### DATA SEGMENT
####
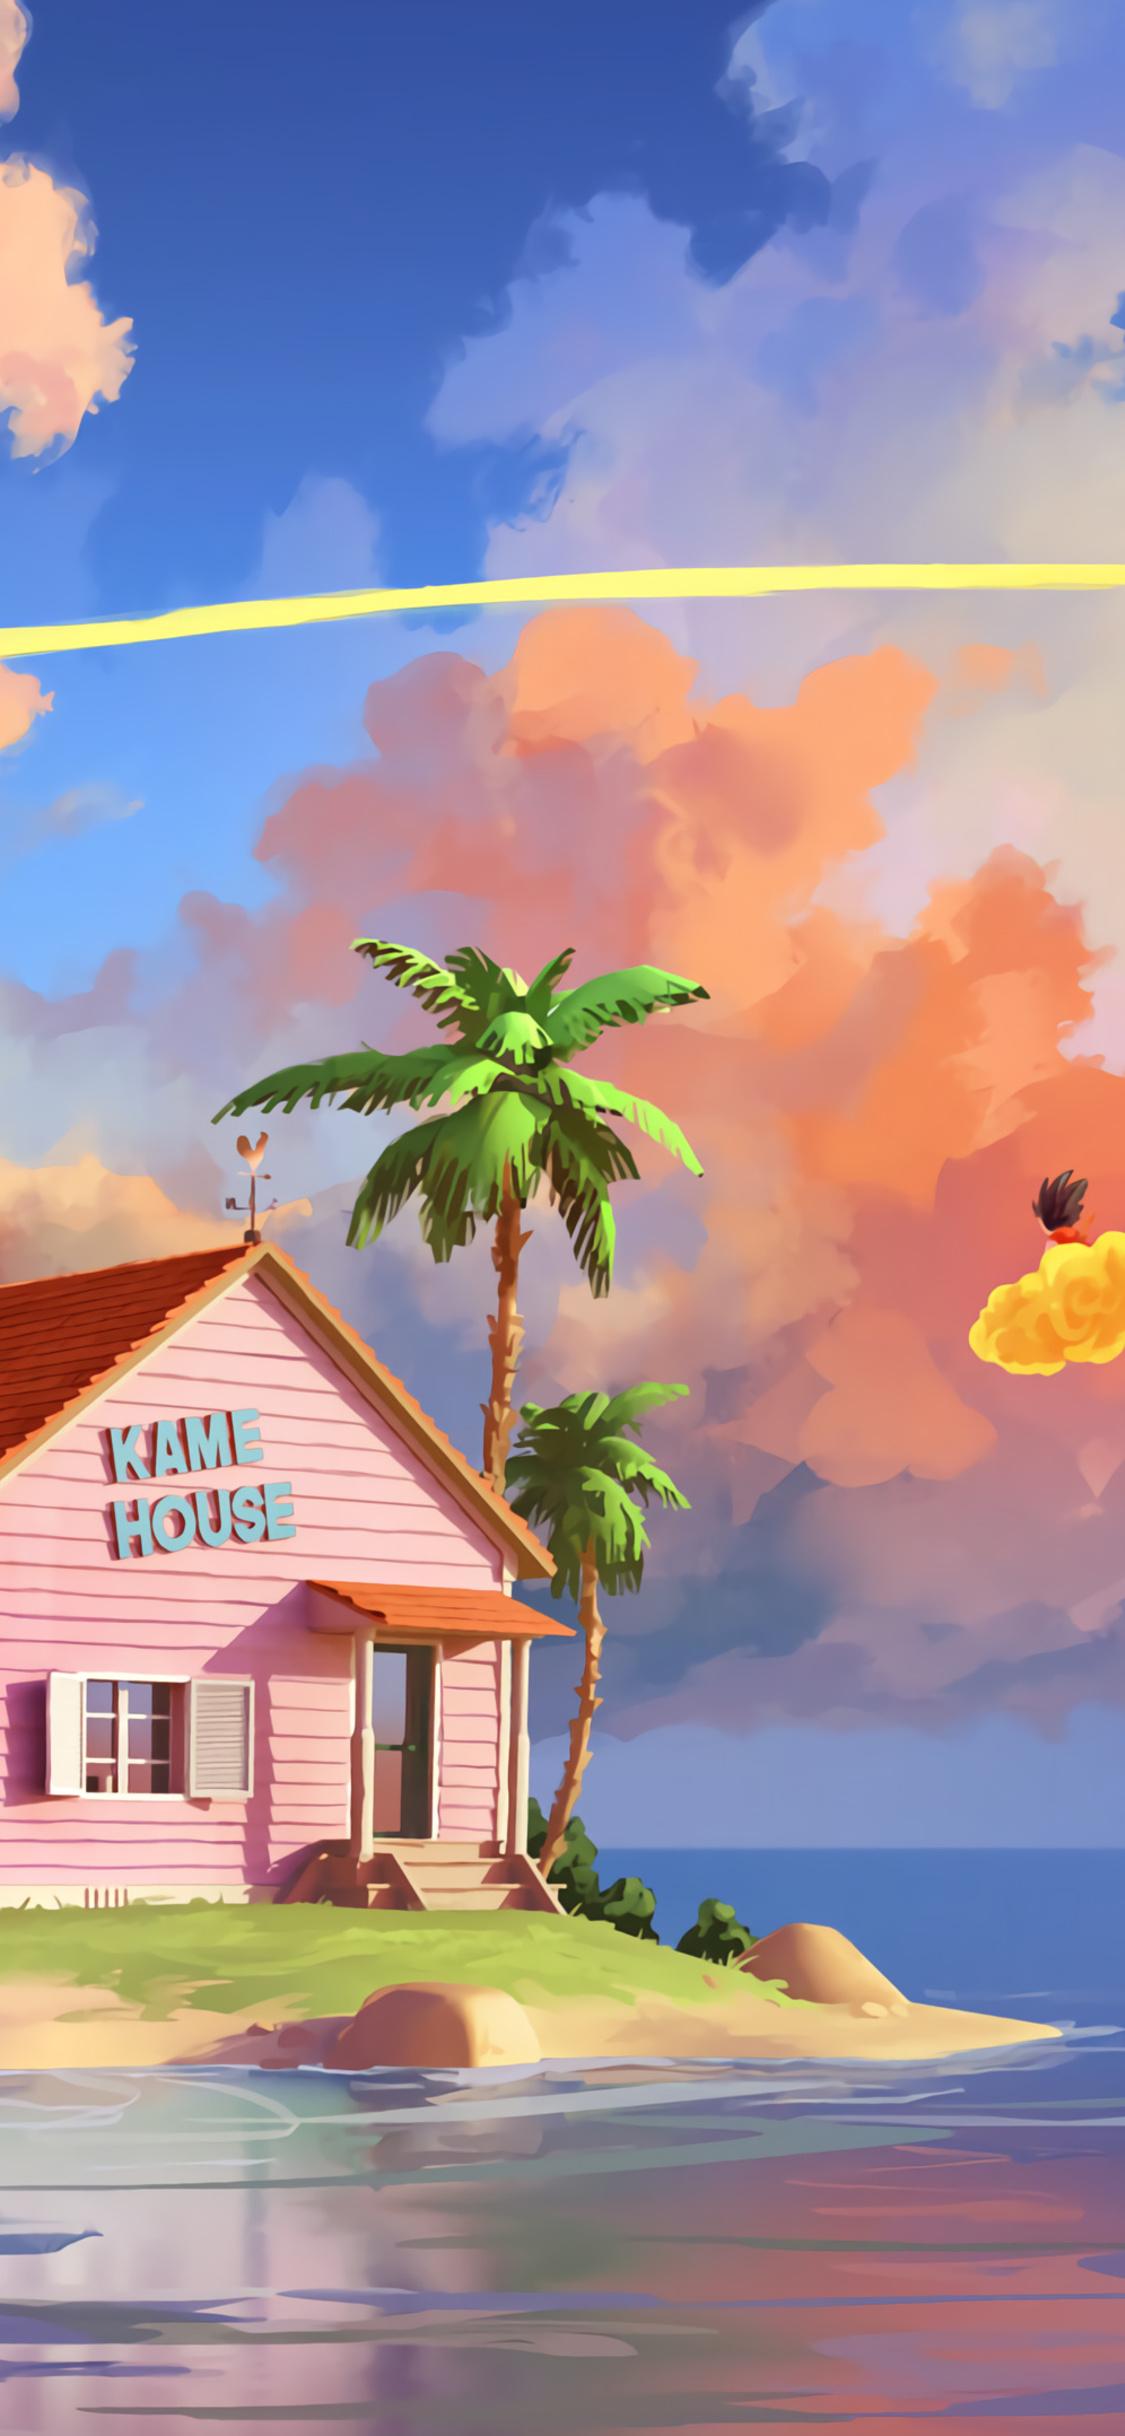 kane-house-dragon-ball-4k-cr.jpg
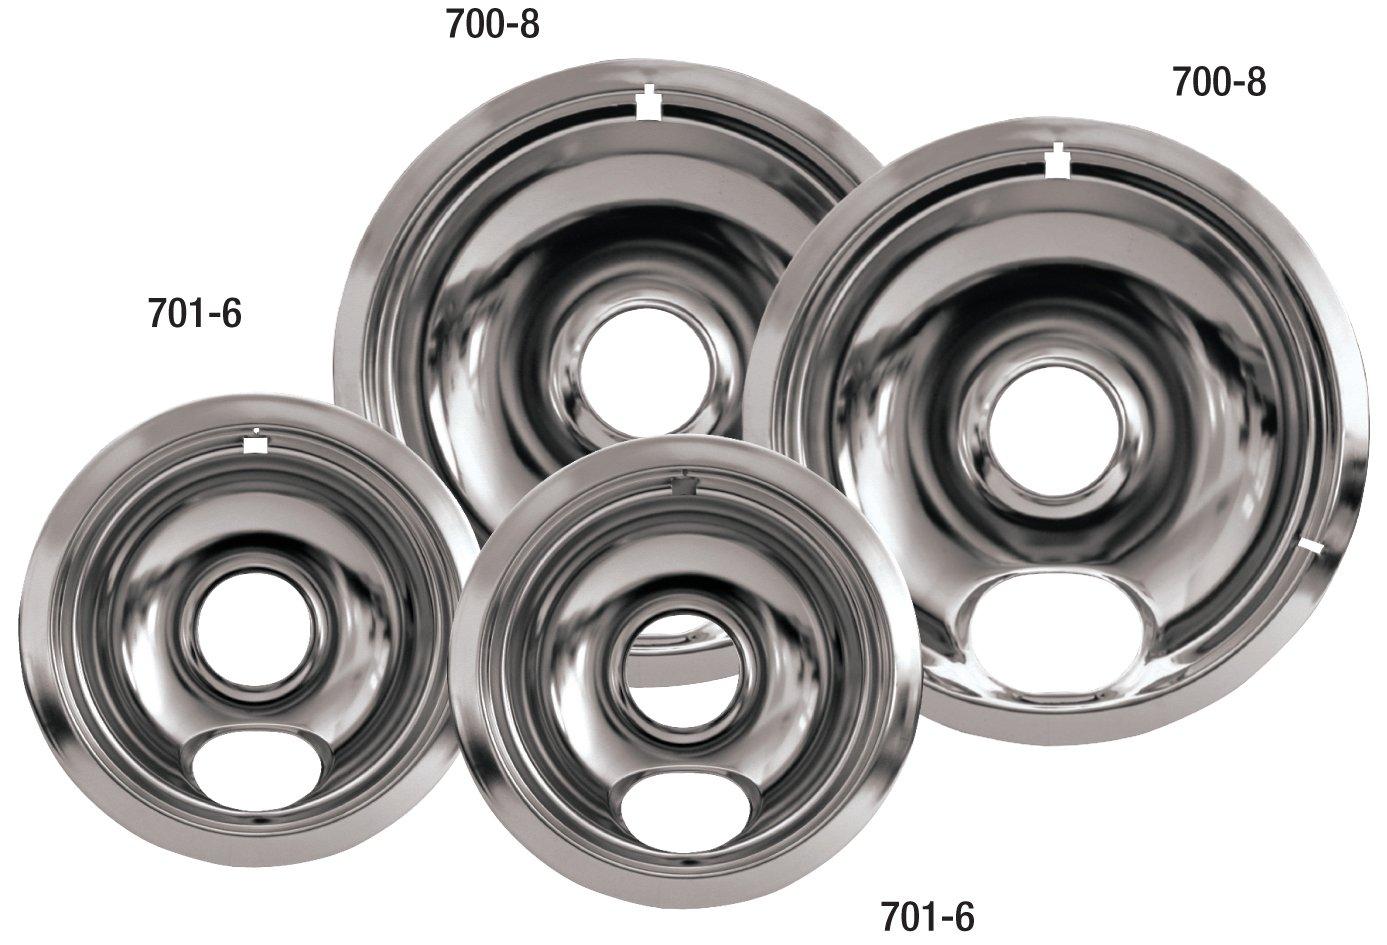 Amazon.com: Whirlpool W10278125 Drip Pan Kit, Chrome: Home Improvement
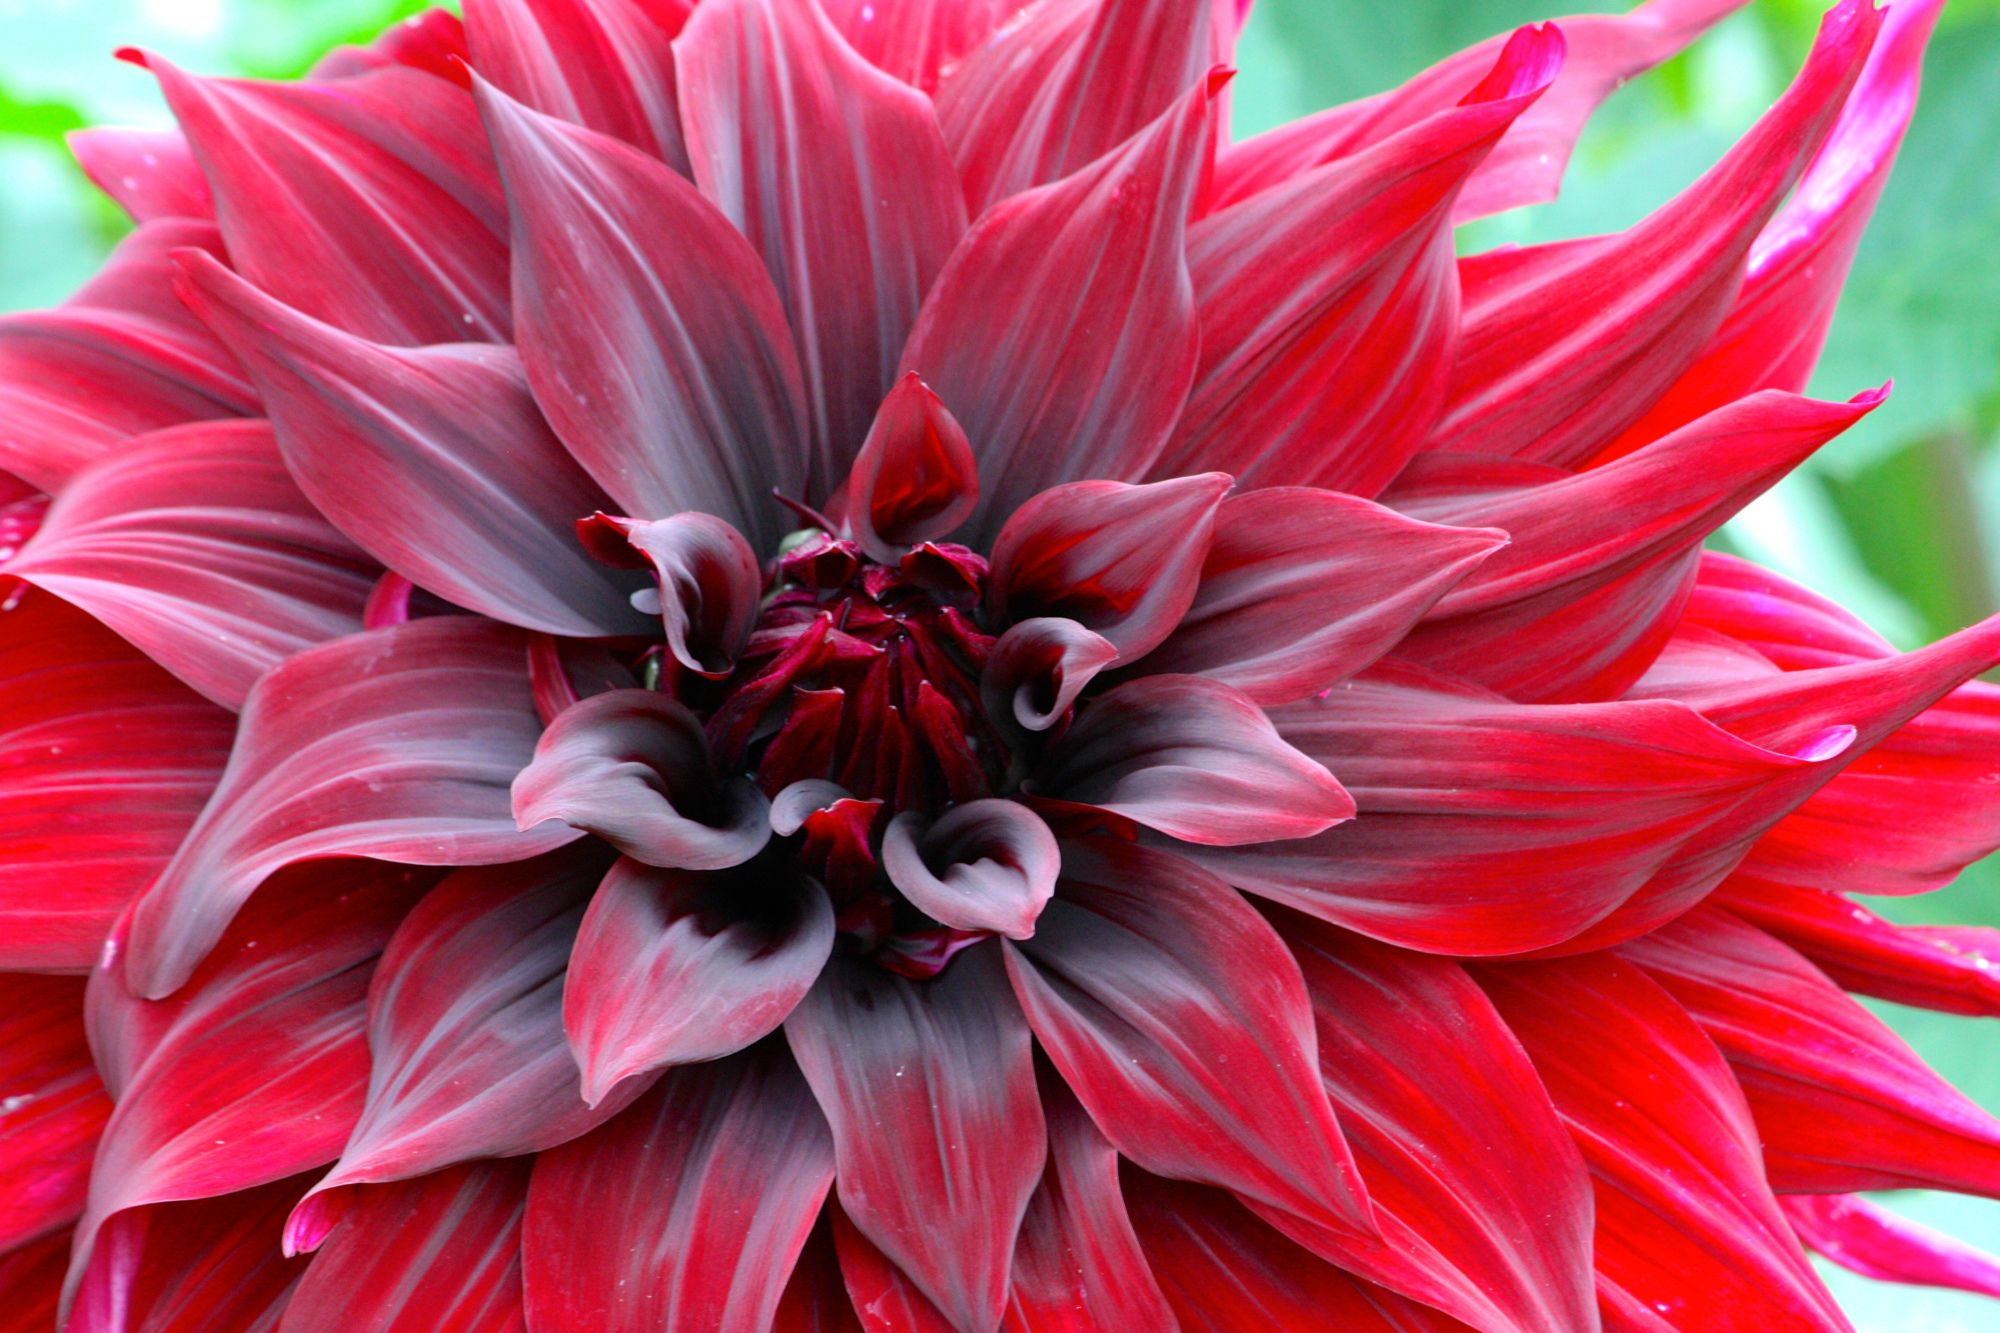 The dark, velvety blooms of Dahlia 'Black Monarch
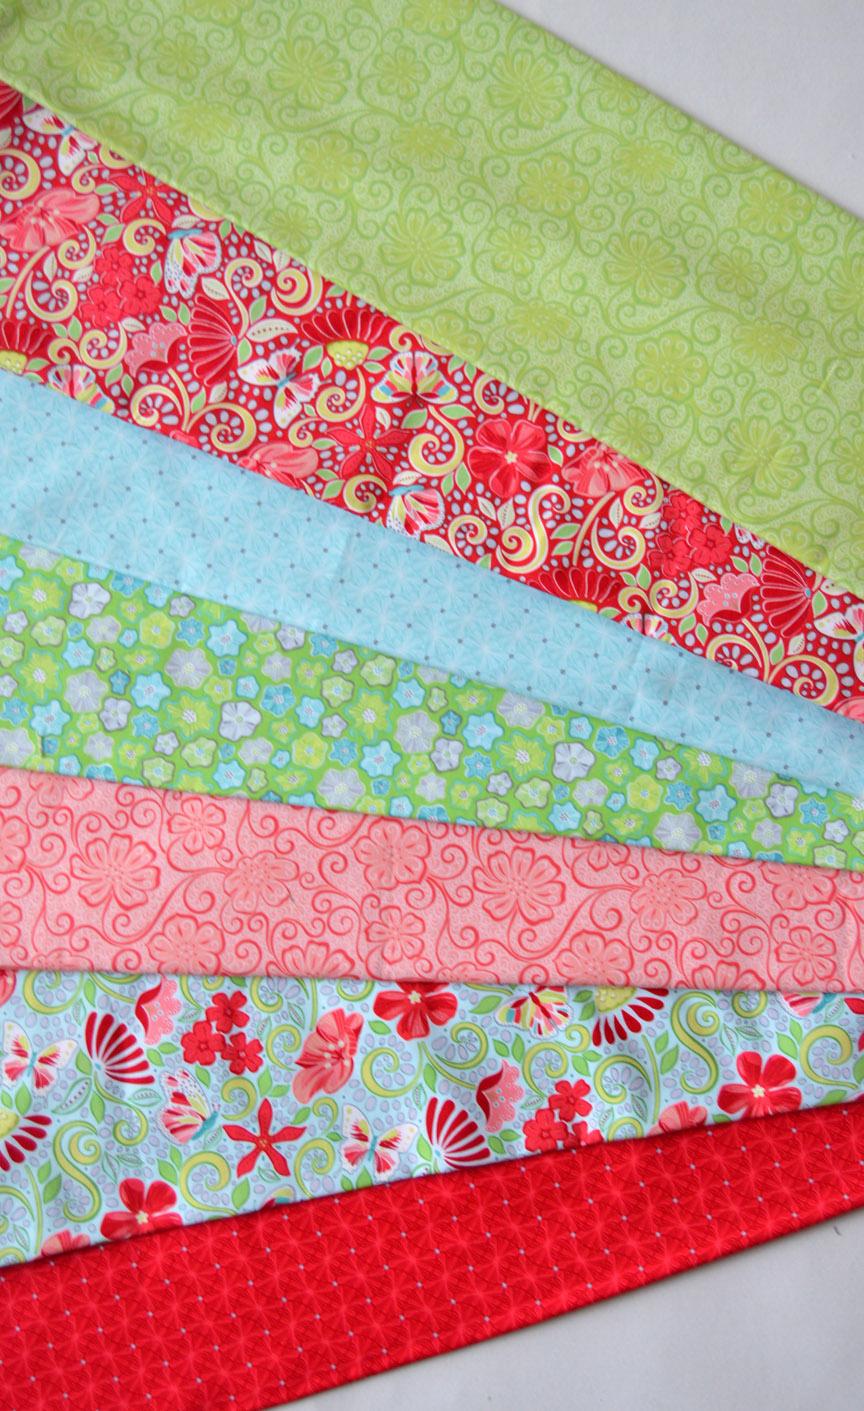 Sew In Love With Fabric Introducing Amanda Murphy S
####
### WHAT IS EXPECTED
Return exactly the lines from the line with "The dark, velvety" through the last line of the data above, both included; pictures do not go in the answer.

### EXERCISE OUTPUT
 The dark, velvety blooms of Dahlia 'Black Monarch
 Sew In Love With Fabric Introducing Amanda Murphy S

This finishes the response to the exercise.